Following the float-out of Jeanie Johnston from the largest dry-dock in the State at 200m long, the barque’s departure ended another era in Irish maritime industrial heritage. The dry-dock's outer caisson gate was opened for the 301 gross tonnage vessel to ease along to the adjoining Lead-In Jetty.

As the name of this berth suggests, this will no longer be required as since 1957 (opening of graving dock No.2) ships would use this berth in preparation prior to passing through the caisson gate.

In the case of this historic occasion, Jeanie Johnston lay alongside the jetty awaiting tugs to tow the 47m (154ft) overall barque out of Alexandra Basin. The drydocking was to facilitate contractors carrying out planned maintenance.
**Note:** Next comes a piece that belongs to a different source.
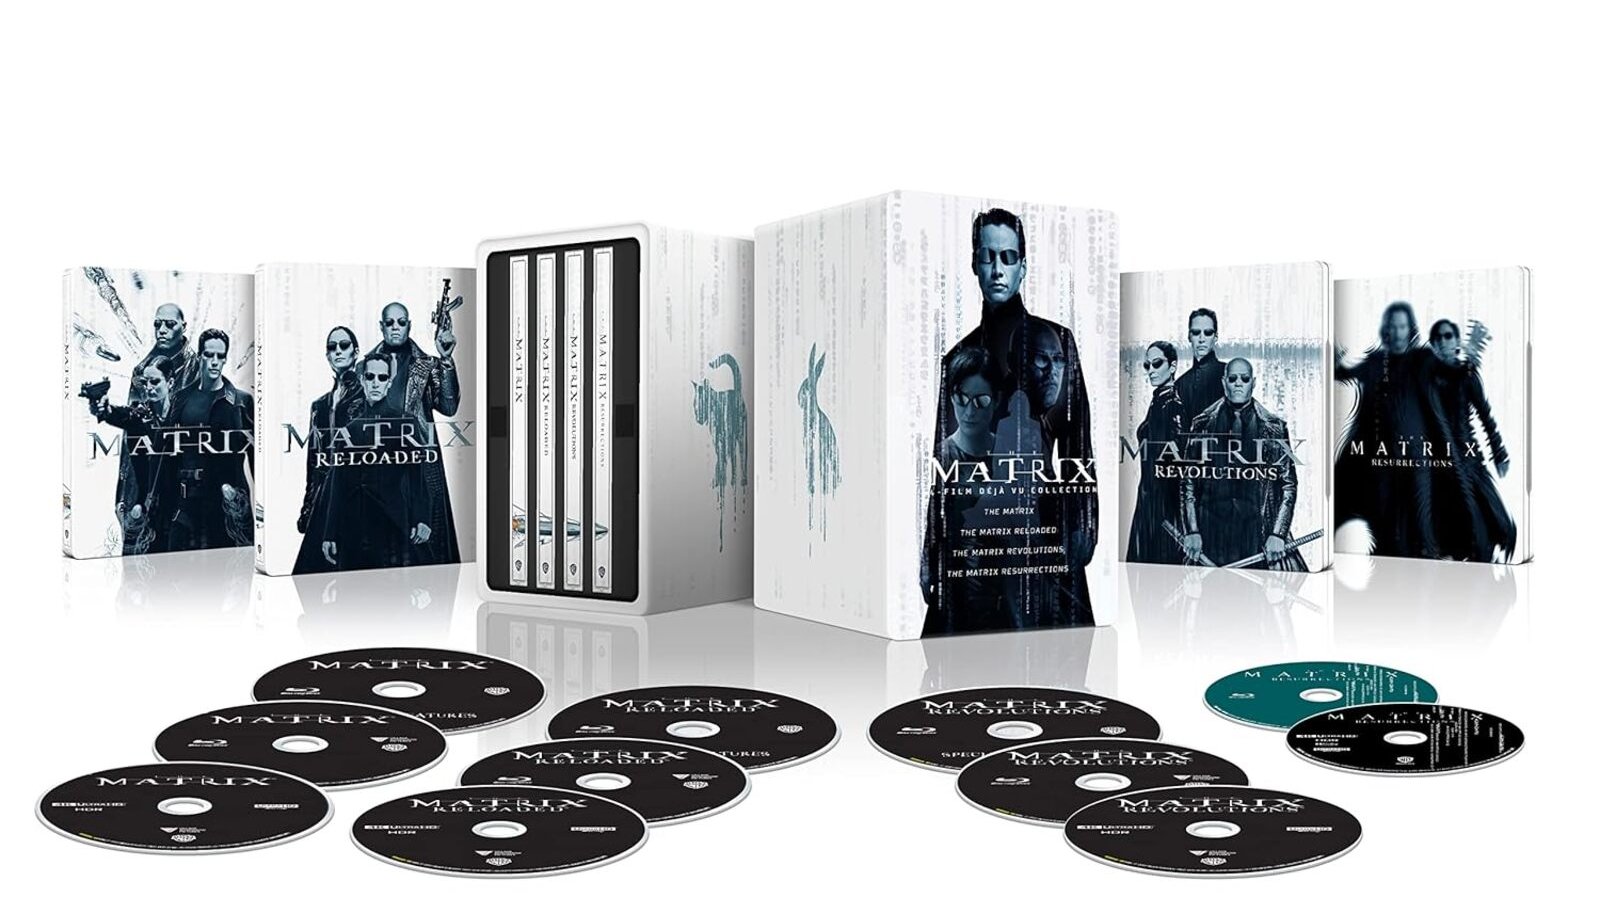 Matrix: la magnifica collection steelbook con tutti e 4 i film in 4K Ultra HD è scesa di prezzo su Amazon
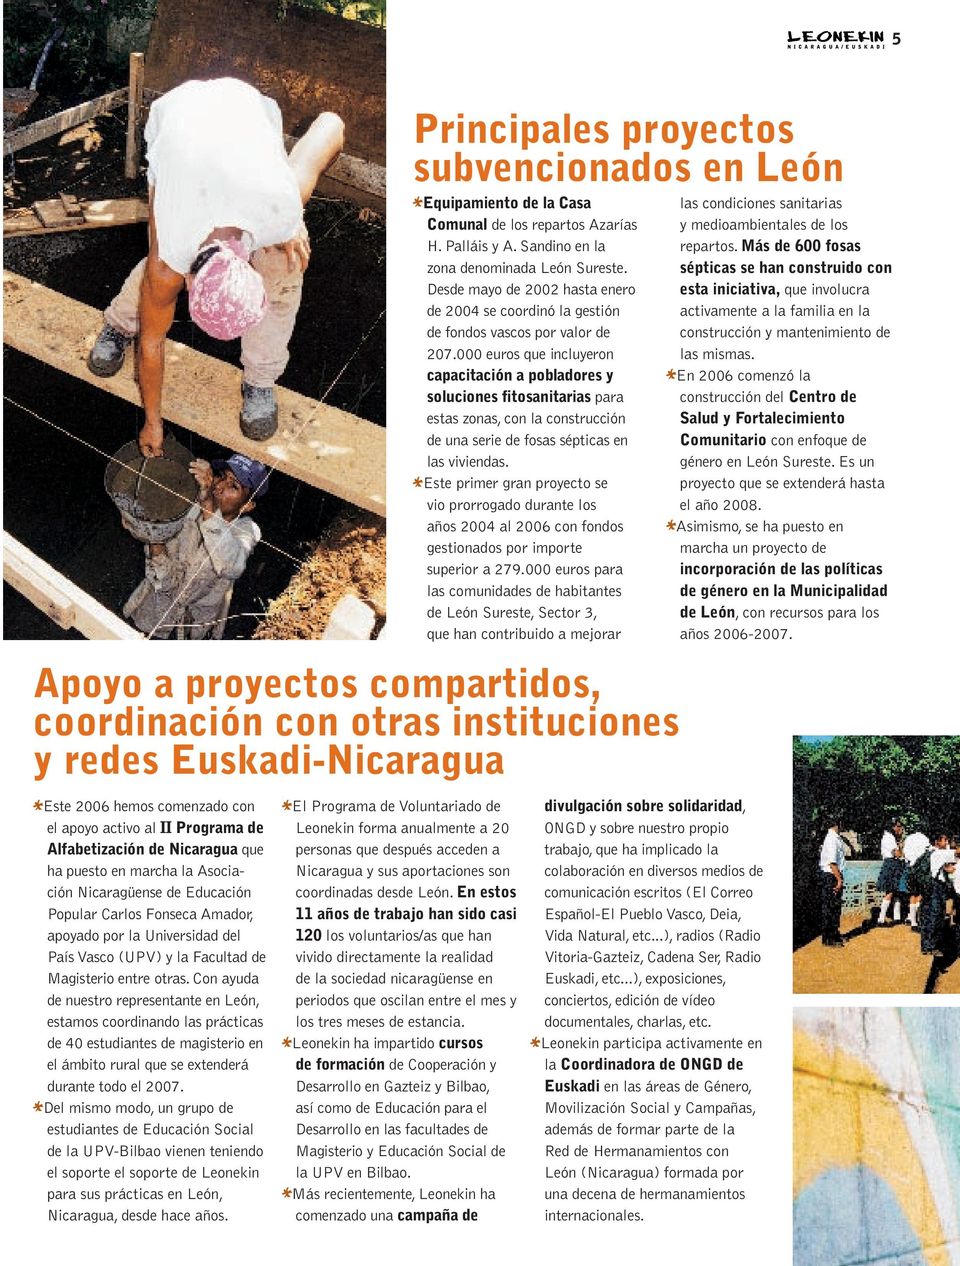 Con ayuda de nuestro representante en León, estamos coordinando las prácticas de 40 estudiantes de magisterio en el ámbito rural que se extenderá durante todo el 2007.

Work however notably remained to be completed towards the stern with final timbers to be put in place to cover exposed timber framework.

As reported in the The Irish Times today, Micheál Ó Cionna, who manages the Jeanie Johnston as a tourist attraction and museum, said the ship would return to its berth with Dublin Port tug assistance and would re-open later this week.

According to the visitor attraction website, the tallship is to reopen this Friday.

Asides this structural area of incompleted work, Jeanie Johnston emerged gleaming with fresh paint on the barque’s distinctive smart black and white hull scheme.

The closure of the dry dock is due to Dublin Port Company’s Masterplan (Review) which includes infilling the drydock. This is to increase more quay space as part of a major €230m Alexandra Basin Redevelopment ABR project. The project is phase one of an ambitious plan to permit considerably larger deep-draft cargoships and cruise liners to enter the port. In addition the works are to increase capacity requiring the new port infrastructure.

As Afloat reported in April 2016, the facility closed having been leased to Dublin Graving Docks Ltd. The port company terminated the lease and as alluded required the drydock site for the ABR project. The final chapter in shiprepair and maintenance in the capital however as it transpired involved Jeanie Johnston which after dry-docking was towed back on the Liffey yesterday afternoon.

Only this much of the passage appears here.